> **WHAT THE TASK ASKS**:
The reply needs the lines from the one containing "Rising Above Average: Tennessee" through the end of the material, each repeated exactly, and no pictures.

INFORMATION PROVIDED section start

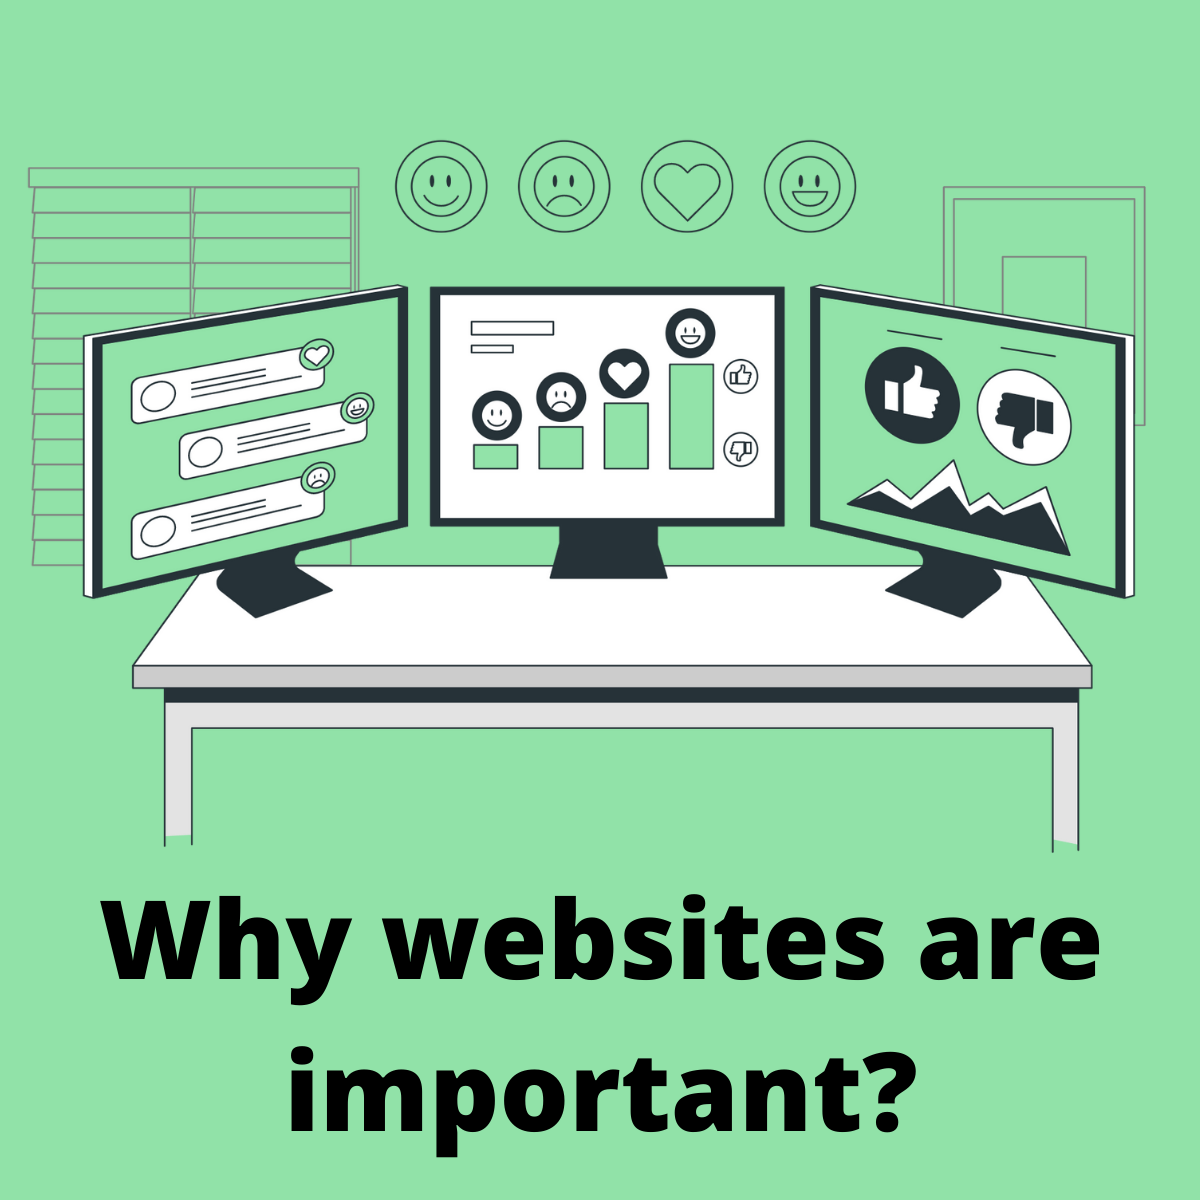 Why websites are important?
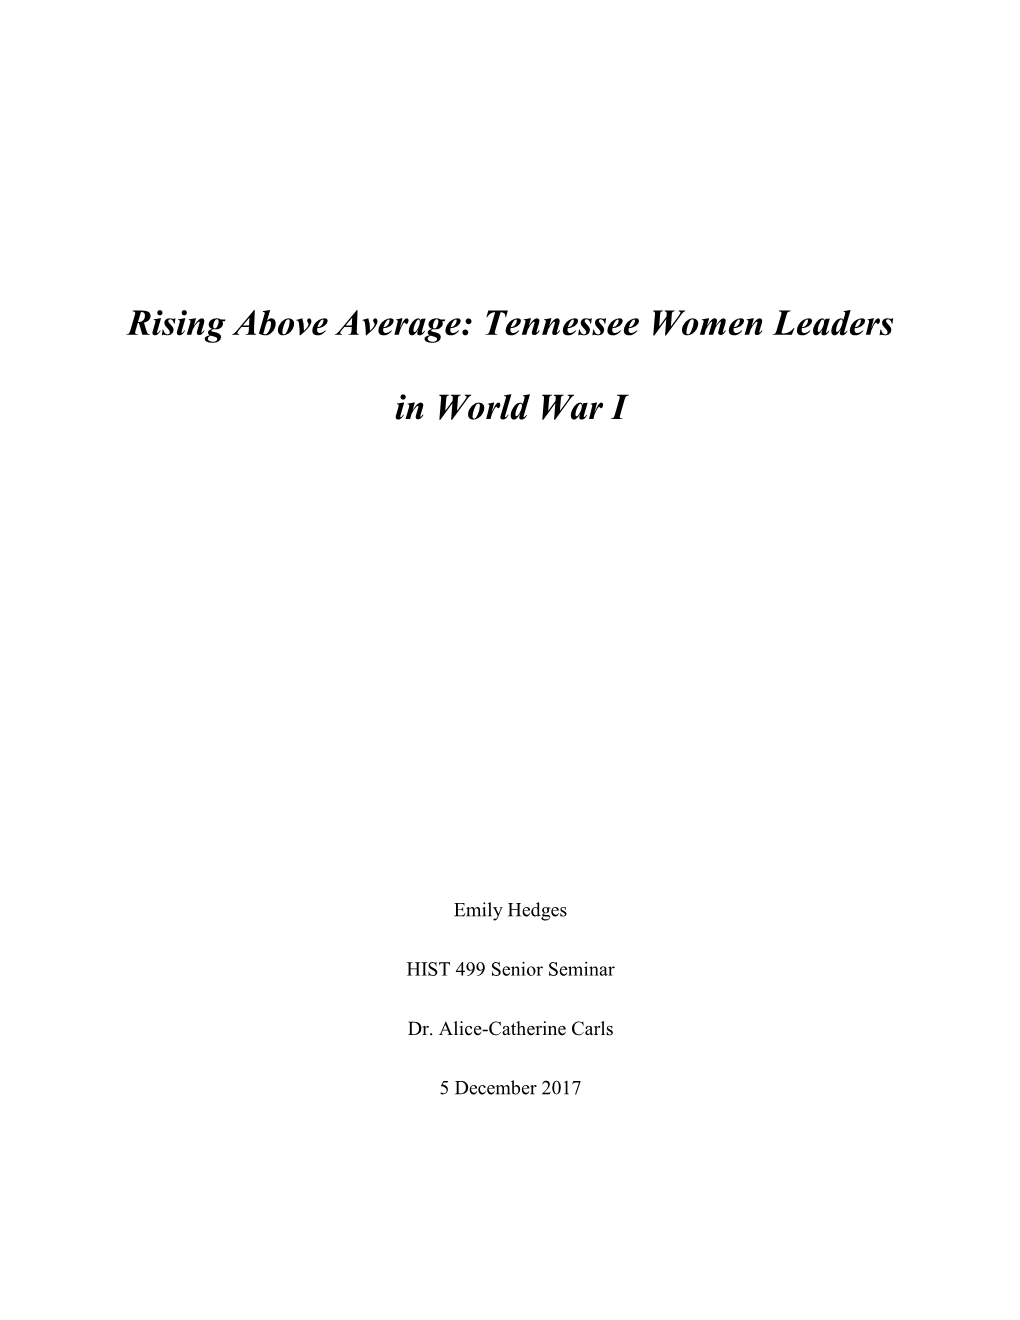 Rising Above Average: Tennessee Women Leaders in World War I
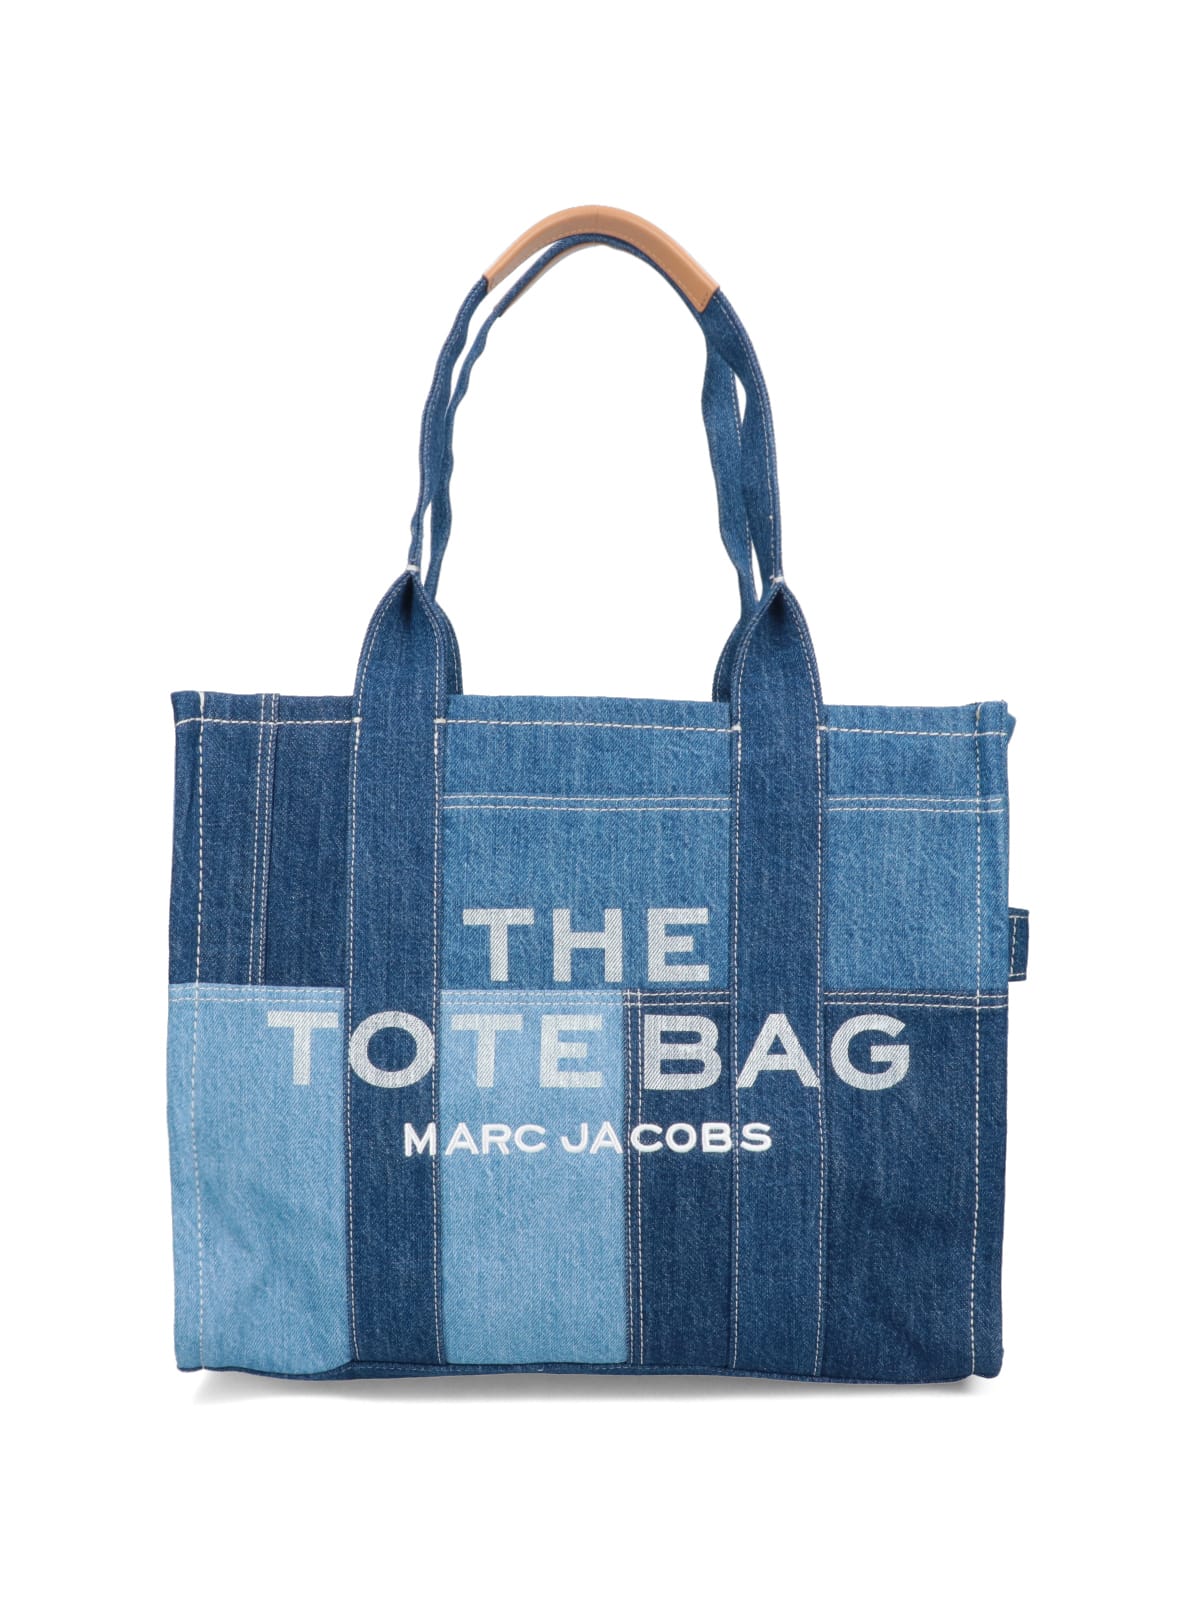 MARC JACOBS TOTE
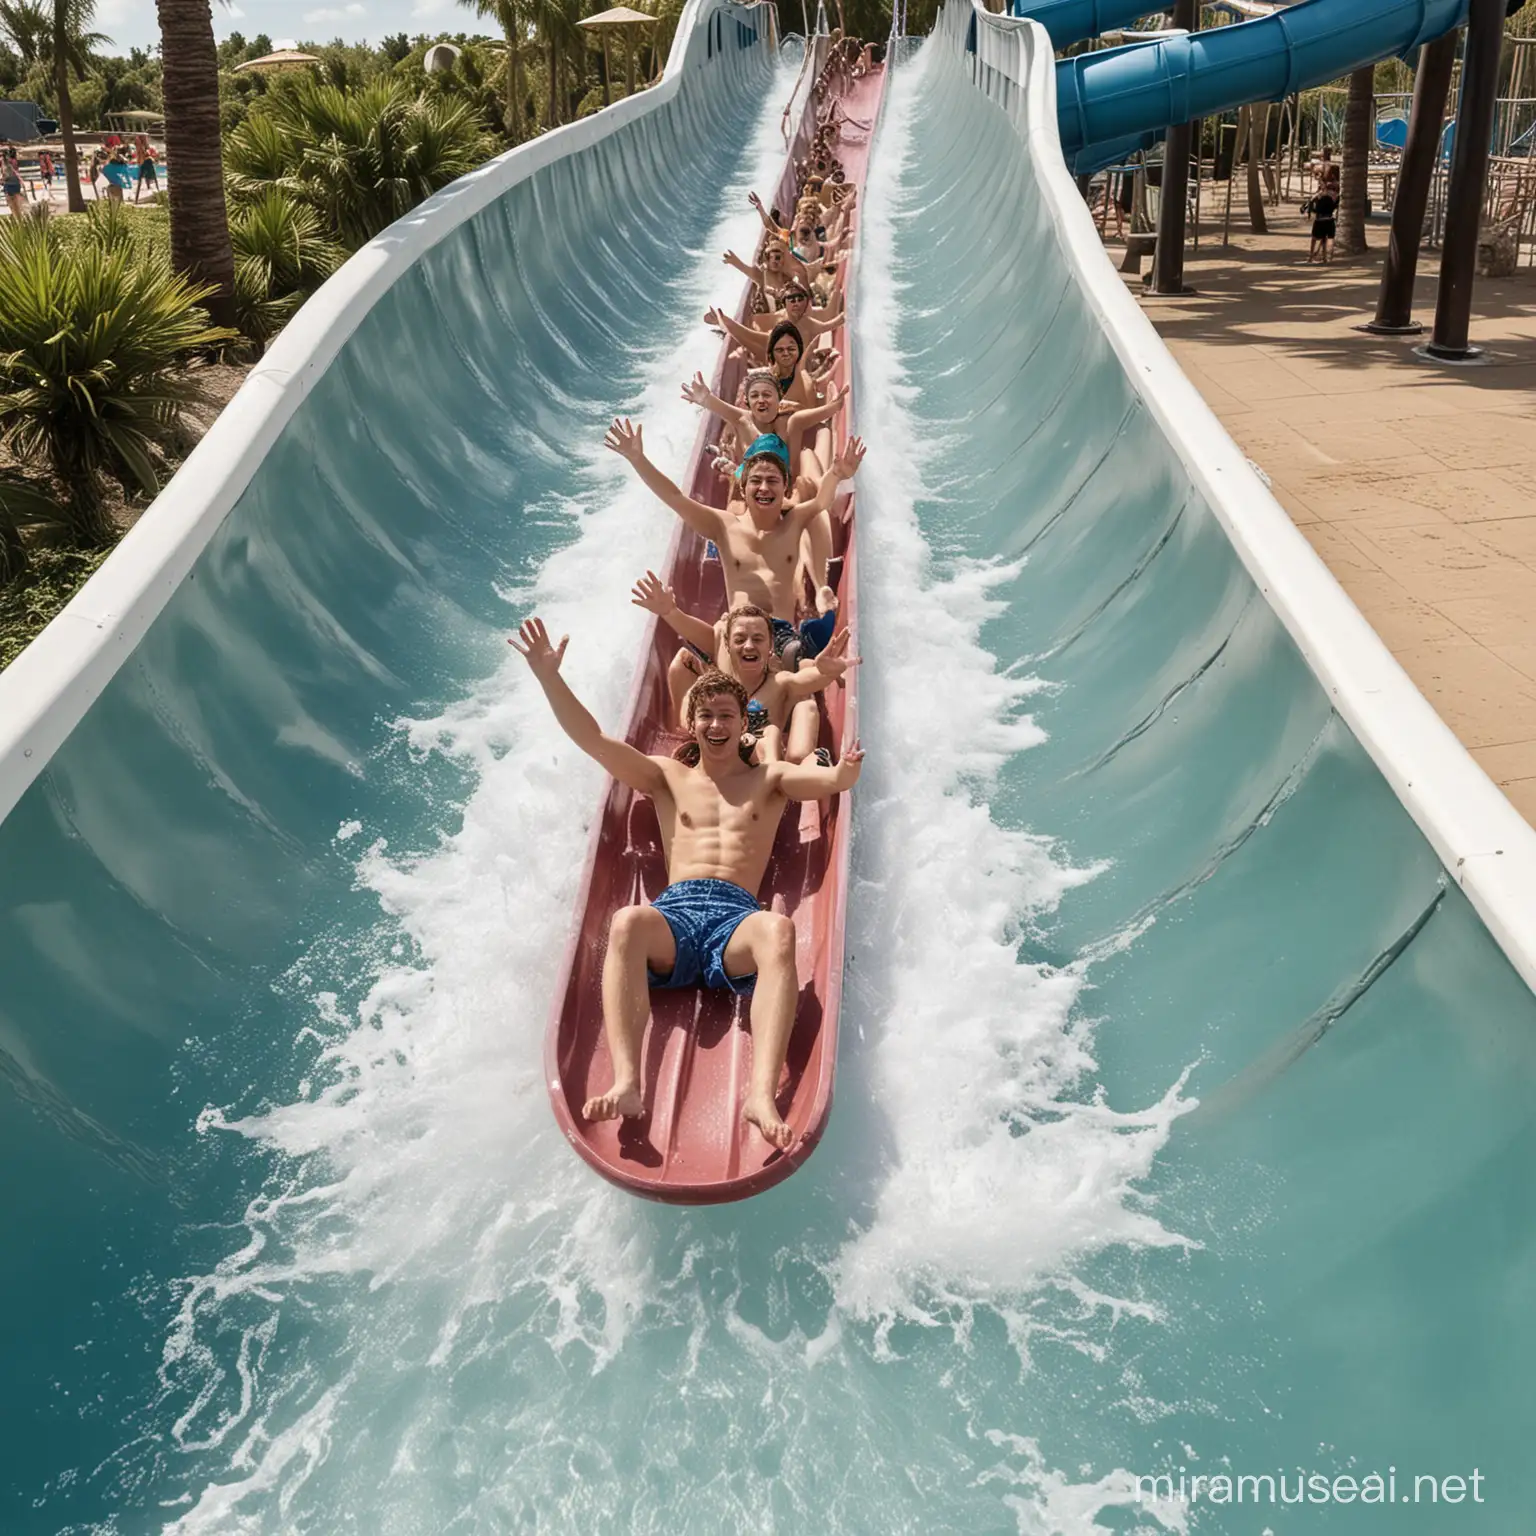 young people going down a slide in a water park

INFORMATION PROVIDED section end

> **ANSWER TO THE PROBLEM**:
 Rising Above Average: Tennessee Women Leaders in World War I
 MARC JACOBS TOTE
 young people going down a slide in a water park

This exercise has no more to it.